Community, Culture, Liberia

Historic building in Liberia restored using traditional techniques

Esta publicación también está disponible en: Español

In the center of Liberia, there are still pieces of history that survive in the canton’s architecture. Most of them are buildings located on Calle Real, a 500-meter stretch of road in the heart of the white city.

Taking center stage at the entrance of the street is the old government building. The white adobe and bahareque building was built in 1850 and the “most distinguished families” celebrated important dates there such as July 25 and September 15.

There, local authorities were also visited by former President Tomas Guardia. The heart of former President Daniel Oduber is even buried in its patio.

In February of 2022, the Municipality of Liberia and the Heritage Center of the Ministry of Culture and Youth (MCJ for the Spanish acronym) began restoration work on the emblematic structure.

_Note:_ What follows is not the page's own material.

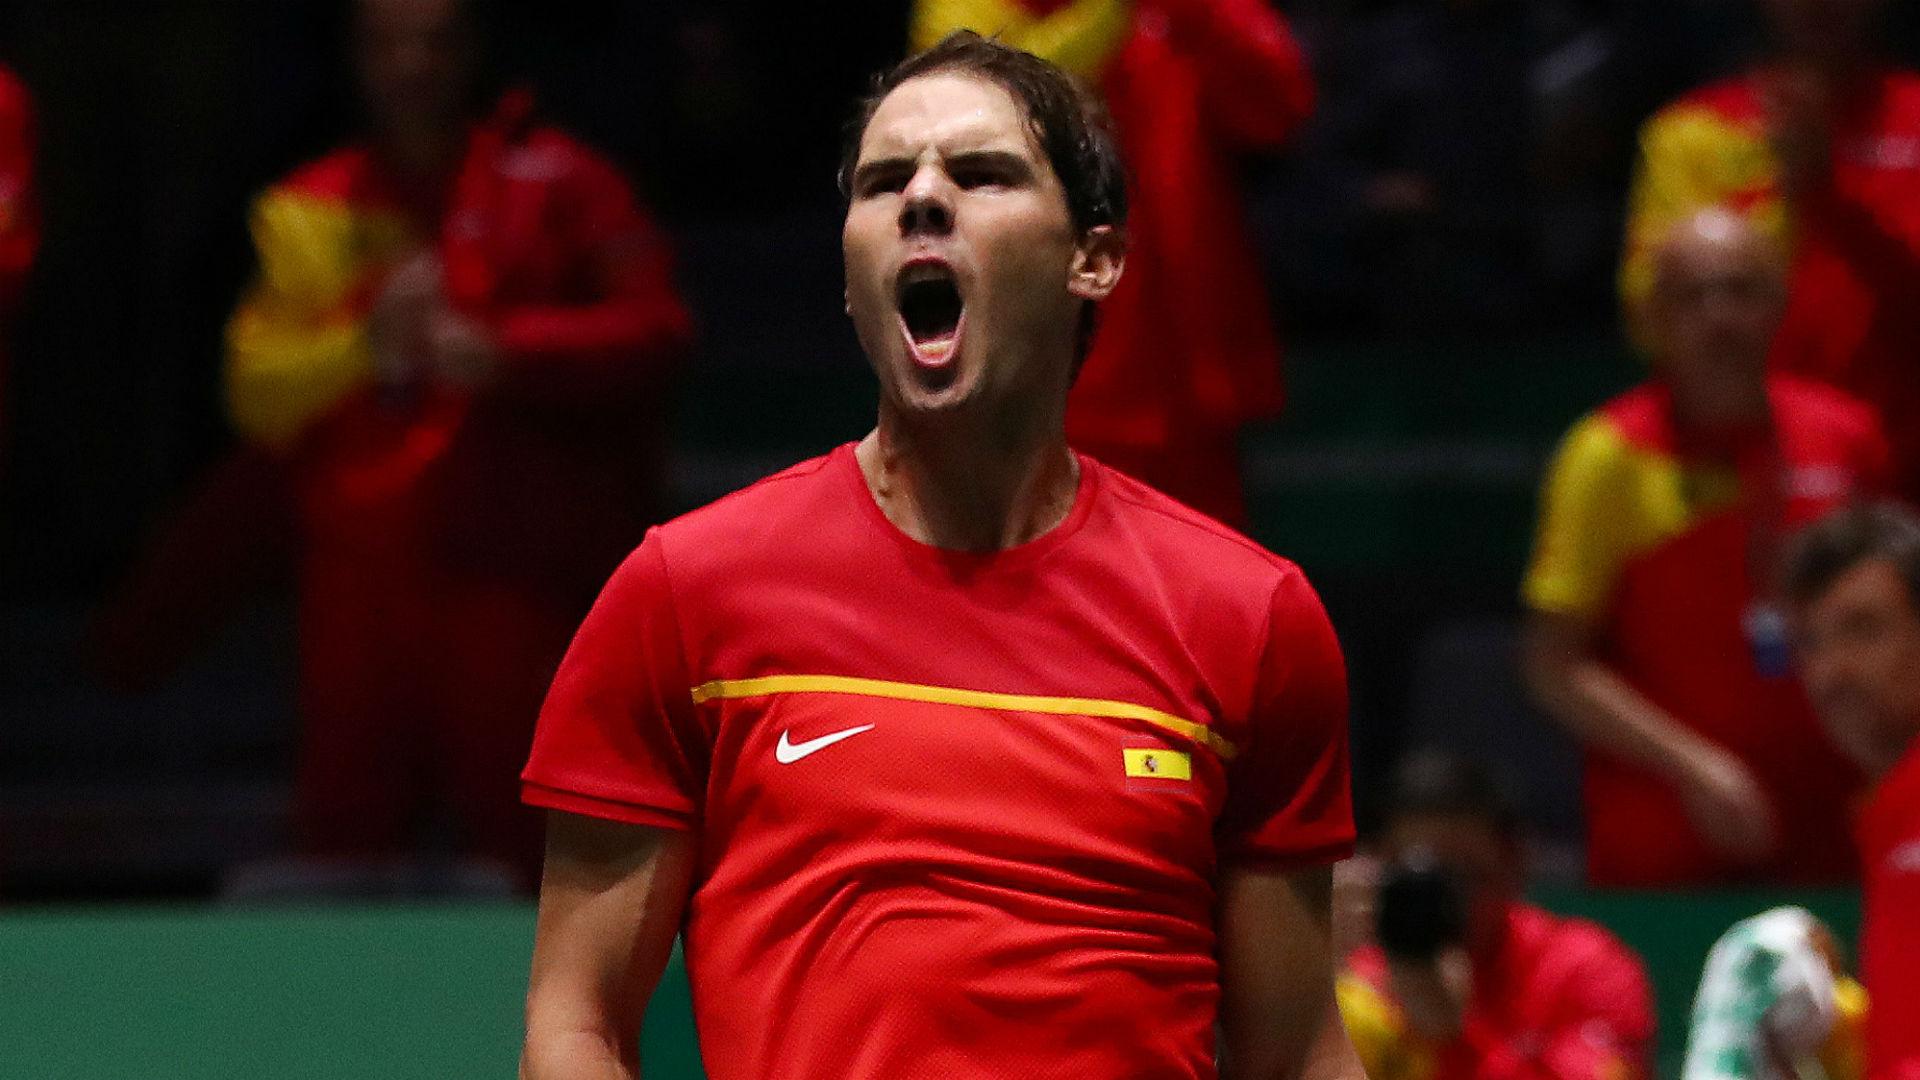 Nadal dethrones Croatia and puts Spain into last eight

Civil Engineering students from the University of Costa Rica (UCR) performed the structural diagnostic. Later, the municipality hired architect Bernadette Esquivel. She and the heritage team defined the work to be done on the historic building.

The building is in very good condition despite its age, the architect told The Voice. The most significant work was done on the corners of the building due to the cracks they showed.

In this building, there are adobe and bahareque walls. Although both are made of earth, they are very different systems. Sometimes during earthquakes, they move differently and create cracks in those joints, although I must say that in that building, those cracks aren’t serious”, said Bernadette.

The funds for this restoration come from Law No. 9156, which allocates a percentage of taxes from the Daniel Oduber International Airport to infrastructure and cultural works in the province.

The clay is mixed with water and lime to make plaster for the walls. More water is added to that same mix to form a finer mix, called lechada or slurry, to seal cracks and as a final plaster finish. Photo: Courtesy of the Heritage Center

Recovering Tradition

Güicho Pizarro, the renowned ox herder from Liberia, has been in charge of transporting the special dirt for plastering and restoring the walls of the government building.

Güicho Pizarro. Photo: David Bolaños

He extracts it from a site located at the base of Rincon de la Vieja Volcano, near the Liberia garbage dump. From there to the government building, he takes the clay about five kilometers (3 miles) using a cart and two oxen.

Workers pour the dirt into basins with water to make the traditional mix. Photo: Courtesy of the Heritage Center

Once there, the workers mix the clay-like dirt using their feet. Then they add water to give it the necessary texture.

Ten people who have learned to work with adobe, bahareque and to whitewash the walls using traditional building techniques have been working on this restoration.

The work will wrap up in the month of July, to inaugurate the restored building on the 25th of the month during the Annexation celebration.